(DATA SECTION)
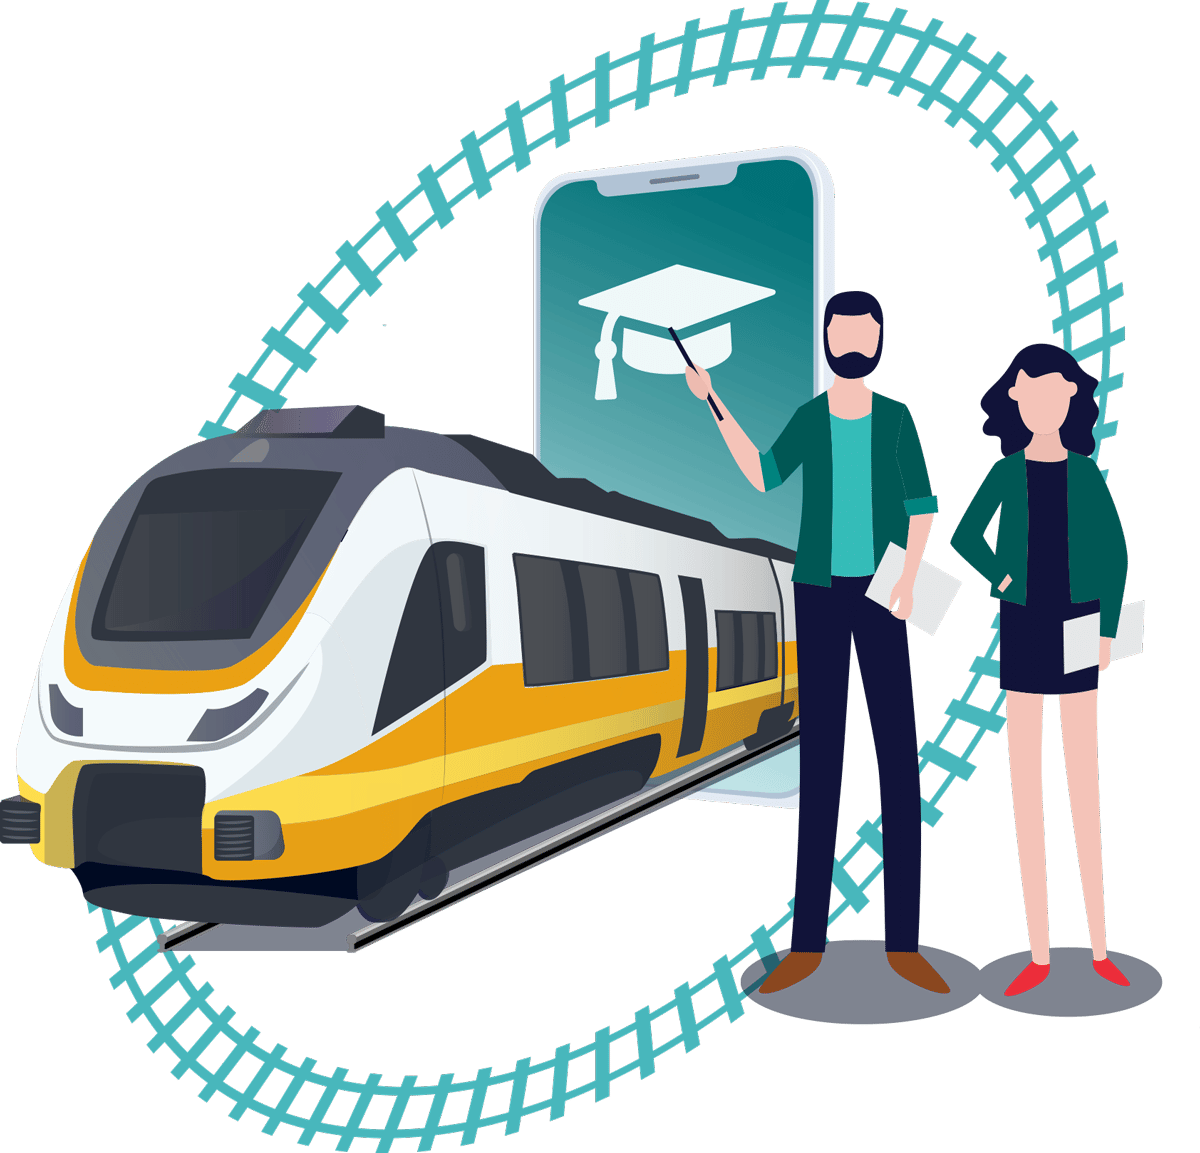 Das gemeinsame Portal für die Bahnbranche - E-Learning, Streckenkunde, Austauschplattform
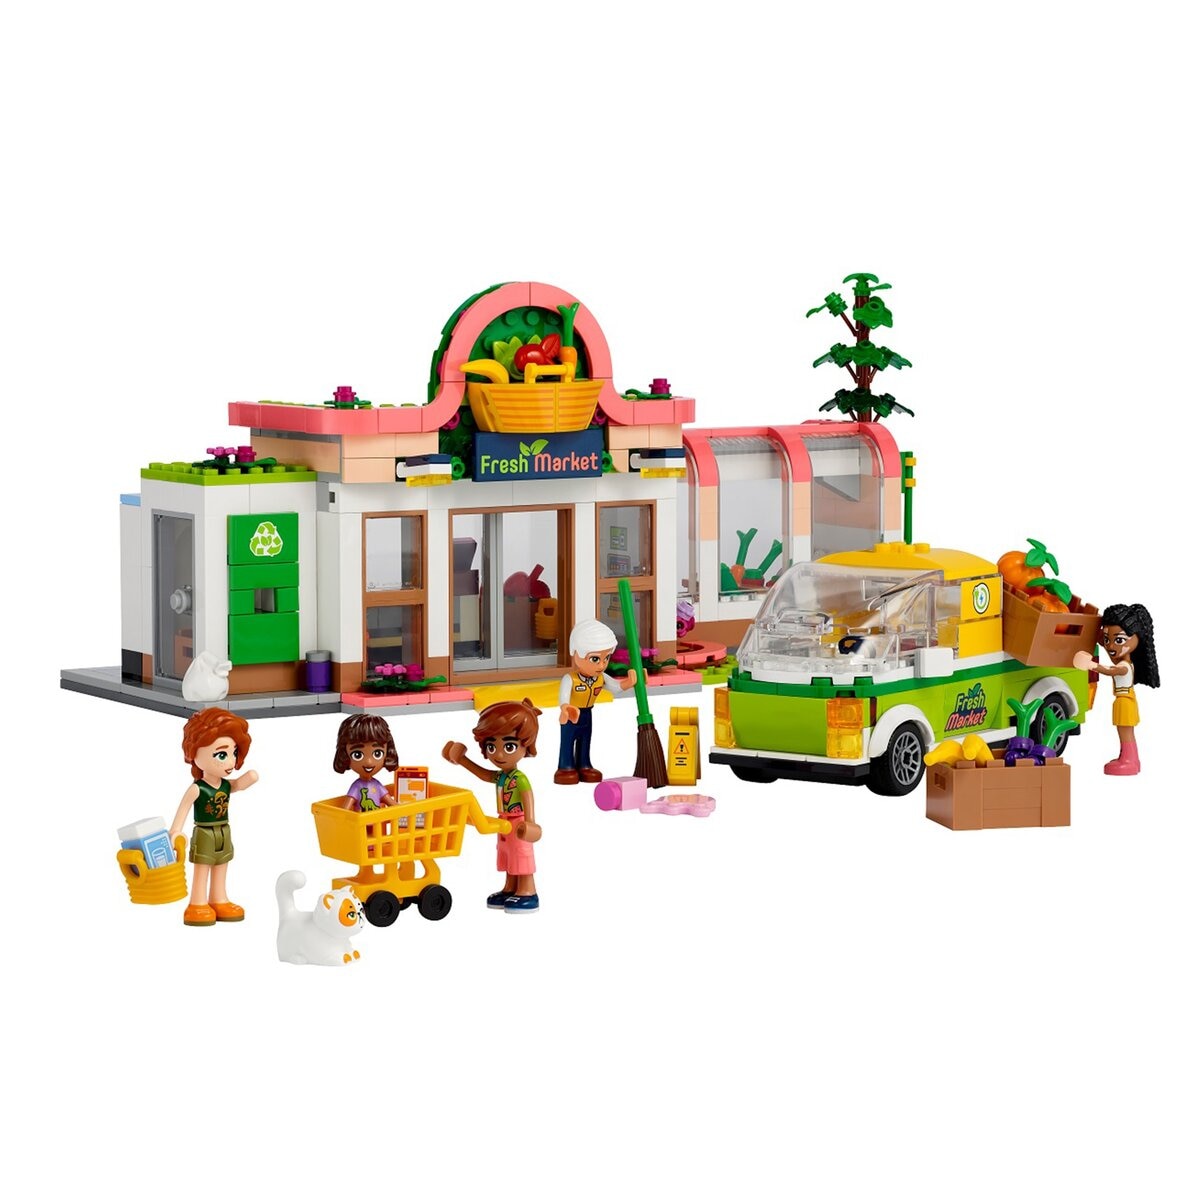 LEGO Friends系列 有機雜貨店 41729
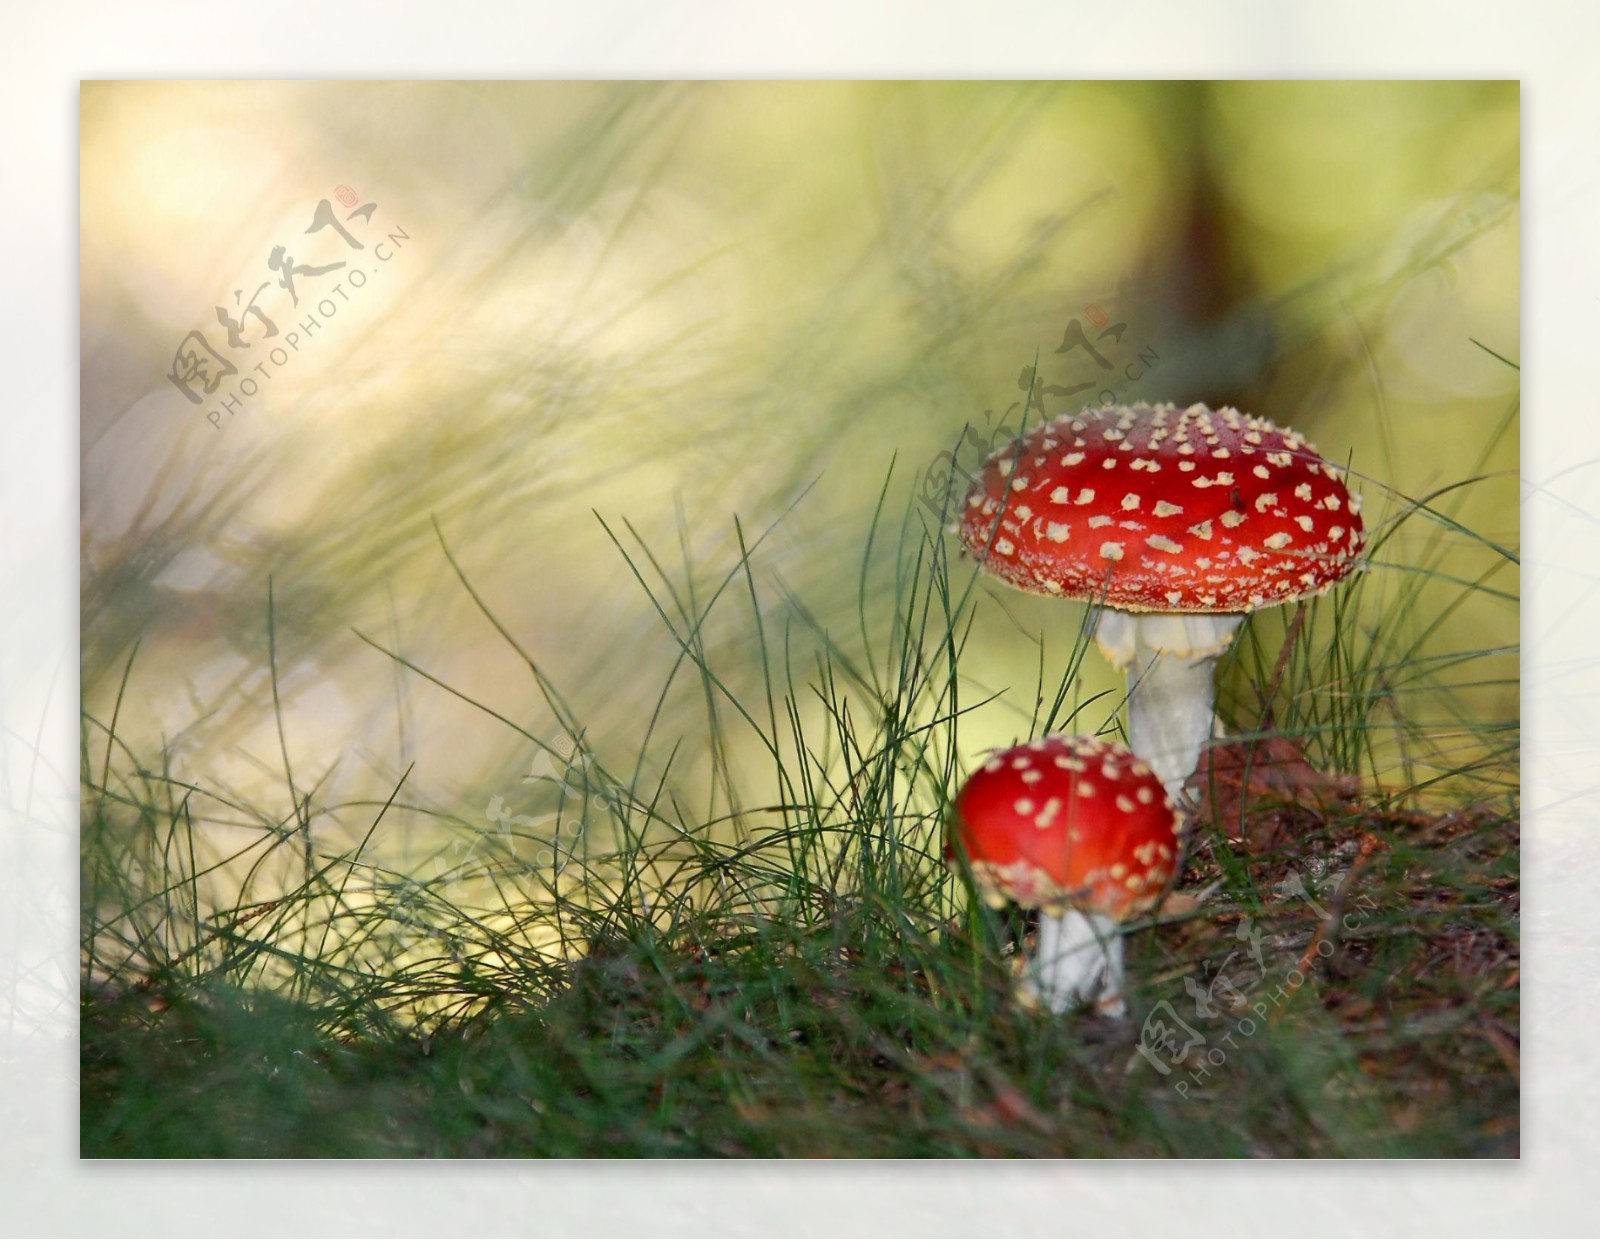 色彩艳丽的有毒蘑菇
(End DATA SECTION)
- **WHAT YOU NEED TO DO**: Leave the pictures out and return the rest of the listing exactly.

- **EXERCISE RESPONSE**:
 Das gemeinsame Portal für die Bahnbranche - E-Learning, Streckenkunde, Austauschplattform
 LEGO Friends系列 有機雜貨店 41729
 色彩艳丽的有毒蘑菇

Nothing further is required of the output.